Mandiant vient de publier de nouveaux détails concernant une vulnérabilité zero-day (CVE-2025-0282) qu’Ivanti a divulguée et corrigée simultanément aujourd’hui, impactant ses appliances Ivanti Connect Secure VPN (« ICS »).
Tribune – Ivanti a identifié cette compromission sur la base d’indications provenant de l’outil Integrity Checker Tool (« ICT ») fourni par l’entreprise ainsi que d’autres outils commerciaux de surveillance de sécurité. Dans son analyse, Mandiant a observé que la CVE-2025-0282 a été exploité dans la nature par un acteur de l’espionnage soupçonné d’être lié à la Chine dès décembre 2024.
Bien que Mandiant ne puisse pas encore attribuer l’exploitation de la vulnérabilité CVE-2025-0282 à un acteur de la menace spécifique, les chercheurs ont analysé la même famille de malwares (SPAWN) qui avait été signalée en avril 2024 et associée à UNC5337. Mandiant évalue avec une confiance modérée qu’il s’agit du même groupe connu sous le nom d’UNC5221.
Mandiant souligne qu’ « il est possible que plusieurs acteurs soient responsables de la création et du déploiement » des différentes familles de malwares observées dans leurs enquêtes en cours (SPAWN, DRYHOOK et PHASEJAM). Cependant, les chercheurs ajoutent qu’« à la date de publication de ce rapport, nous ne disposons pas de suffisamment de données pour évaluer avec précision le nombre d’acteurs de la menace ciblant la CVE-2025-0282 ».
L’exploitation réussie de la CVE-2025-0282 permet aux attaquants :
-
Exécution de code à distance : Permet aux attaquants de prendre le contrôle des systèmes affectés.
-
Déplacement latéral : Une fois compromis, les attaquants se déplacent latéralement dans les réseaux pour étendre leur accès, ce qui peut avoir des impacts en aval au-delà de l’appareil.
-
Portes dérobées persistantes : Les attaquants installent des portes dérobées (“backdoor”) pour maintenir l’accès aux systèmes compromis. Certaines de ces portes peuvent persister malgré les mises à jour système, c’est pourquoi Ivanti recommande aux clients concernés d’effectuer une réinitialisation.
Deux tactiques intéressantes observées (à noter que Mandiant ne dispose pas encore de suffisamment de données pour déterminer quel acteur est à l’origine de cela) :
-
Après avoir exploité avec succès la vulnérabilité CVE-2025-0282, l’acteur de la menace déploie le logiciel malveillant personnalisé « PHASEJAM » pour établir une présence initiale sur le système et empêcher l’installation des mises à jour du système, ce qui favorise une tentative d’accès persistant à travers les mises à jour système.
=> Anticipant qu’un échec d’installation de mise à jour attirerait l’attention de l’administrateur, l’attaquant affiche une fausse barre de progression de mise à jour pour tromper l’administrateur, lui faisant croire que la mise à jour a été correctement installée, tout en bloquant discrètement le processus légitime.
-
Les récentes versions d’Ivanti Connect Secure incluent un outil d’intégrité intégré (ICT) qui s’est avéré efficace pour identifier les compromissions liées à cette vulnérabilité.
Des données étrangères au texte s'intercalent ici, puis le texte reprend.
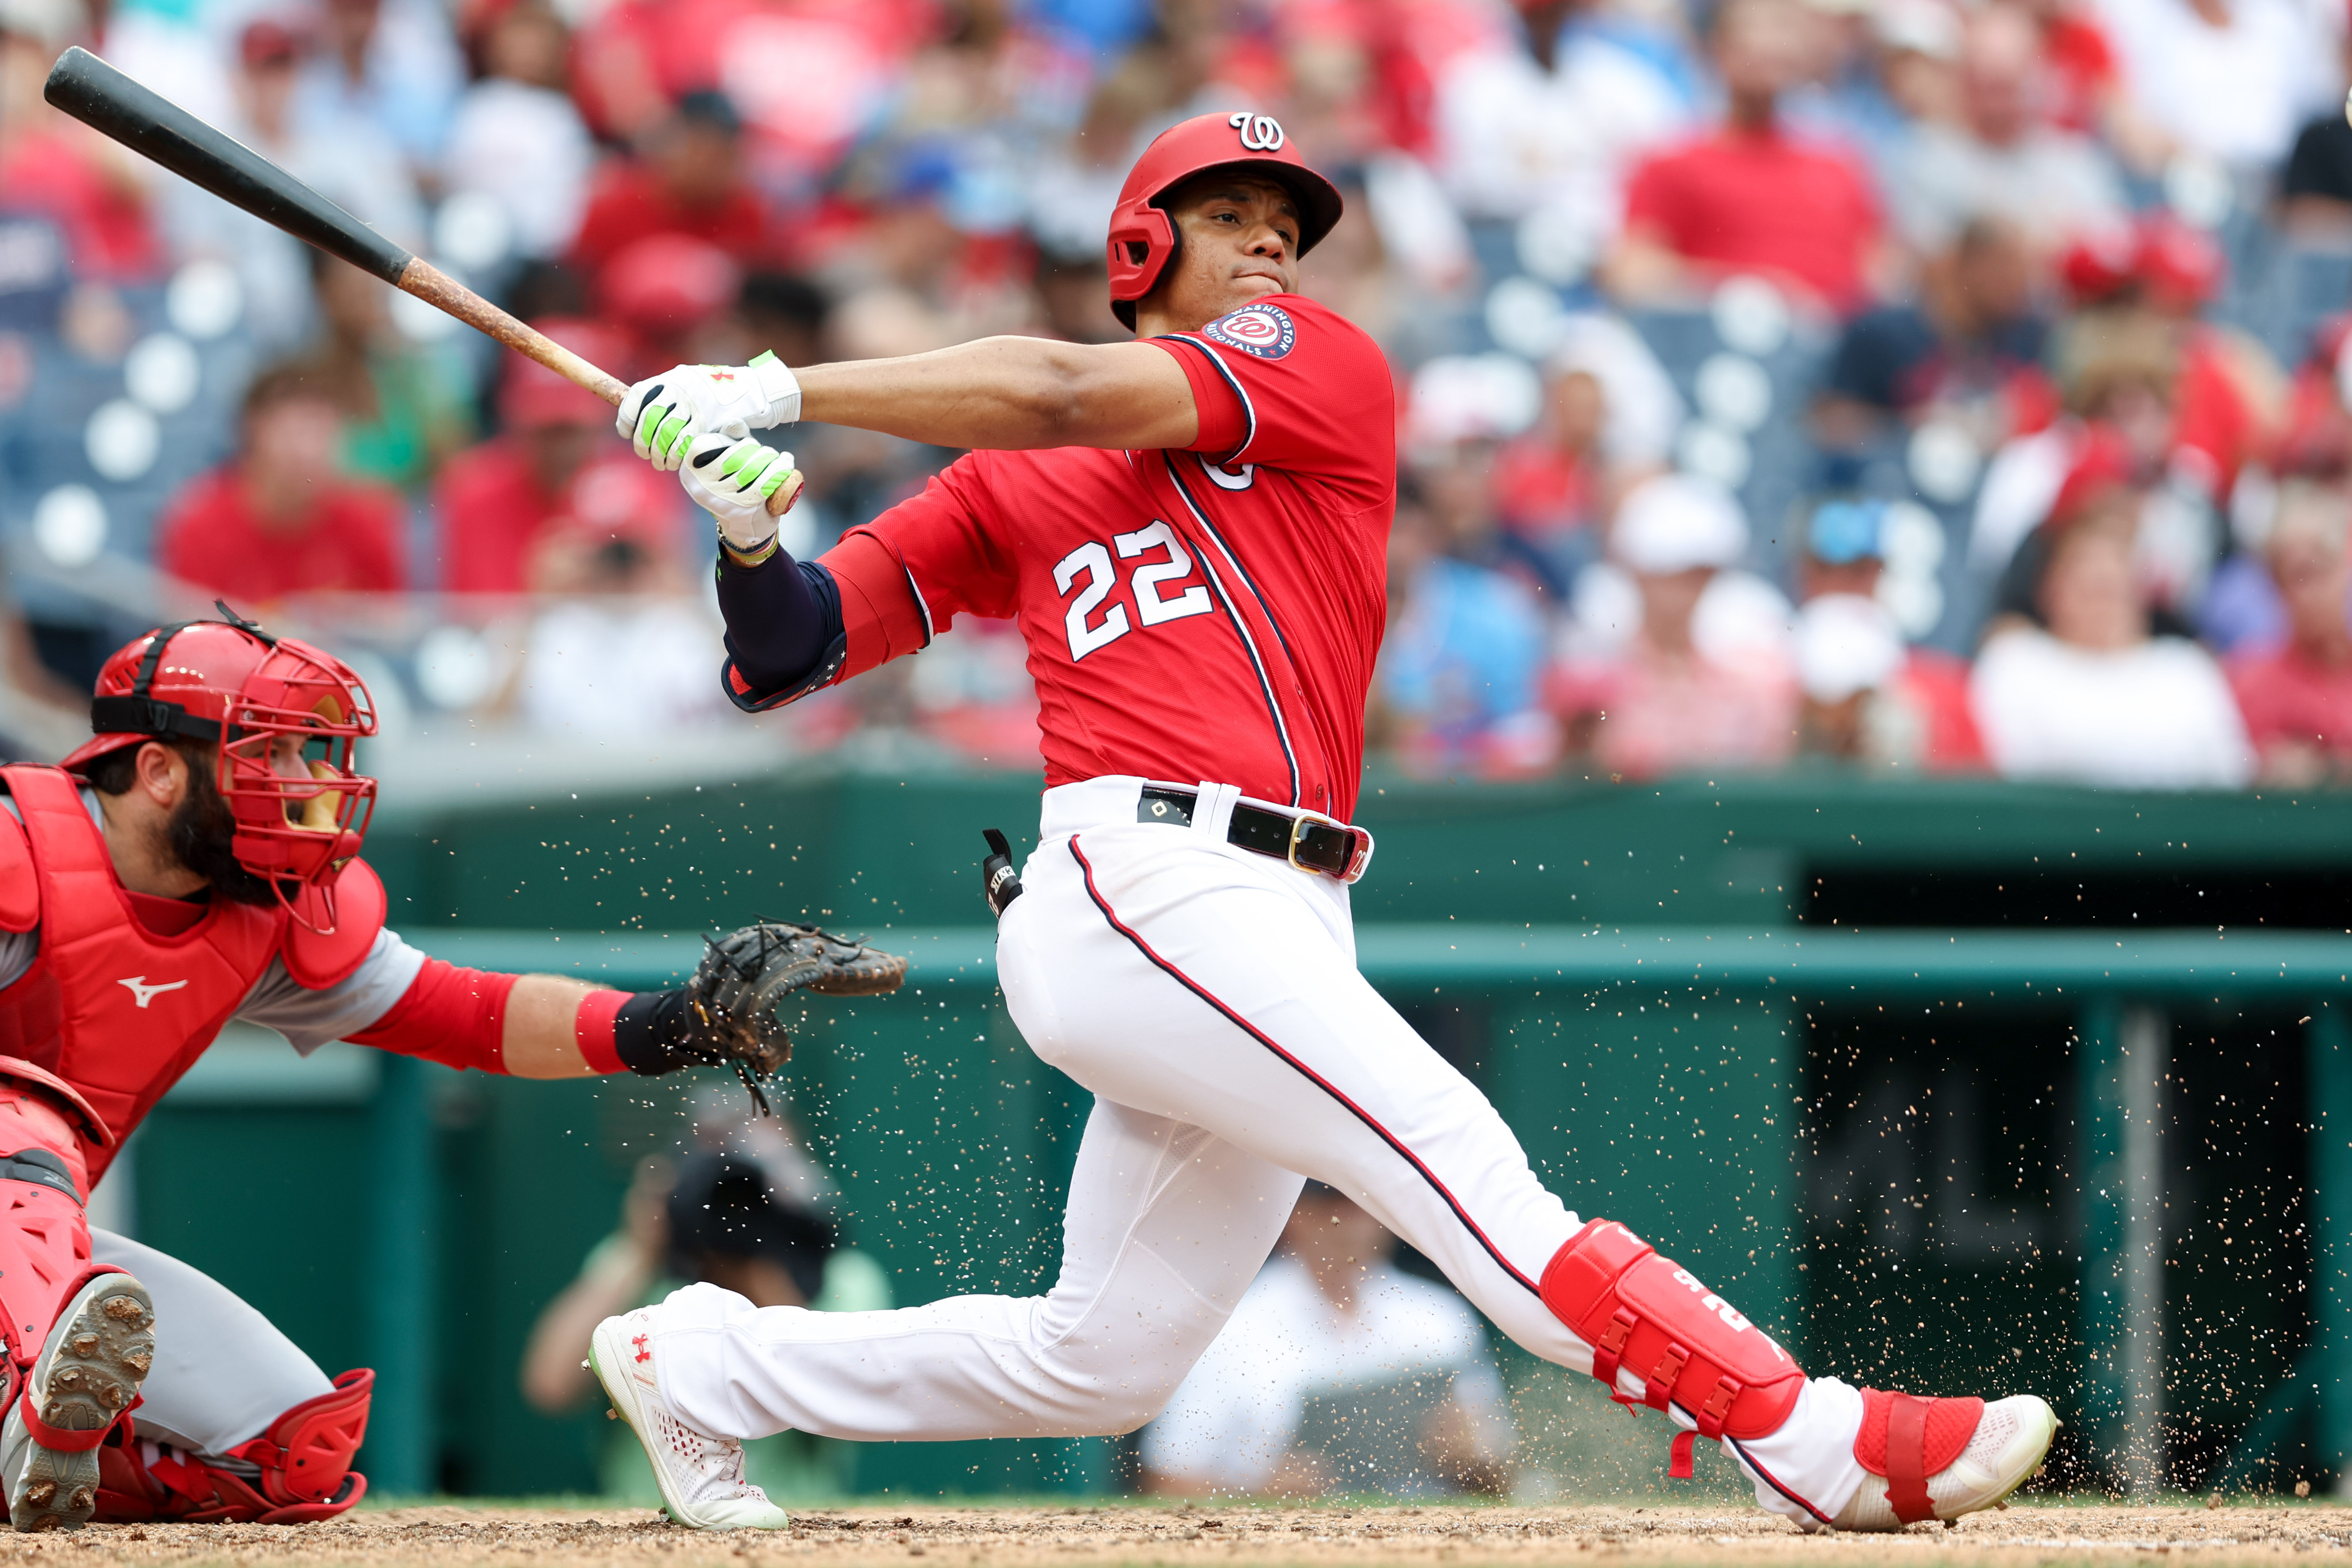 Juan Soto (#22) of the Washington Nationals hits in the game against the St. Louis Cardinals at Nationals Park in Washington, D.C., July 31, 2022. /CFP

Cet outil agit comme une alerte pour signaler aux utilisateurs qu’il y a un problème ou un comportement suspect. Il exécute régulièrement des diagnostics sur l’appliance, surveillant en permanence son fonctionnement pour détecter toute anomalie ou déviation par rapport à son état de fonctionnement habituel.
=> Dans certains cas, l’attaquant a essayé de modifier le registre des fichiers sains de l’ICT pour y inclure ses fichiers malveillants et contourner la détection.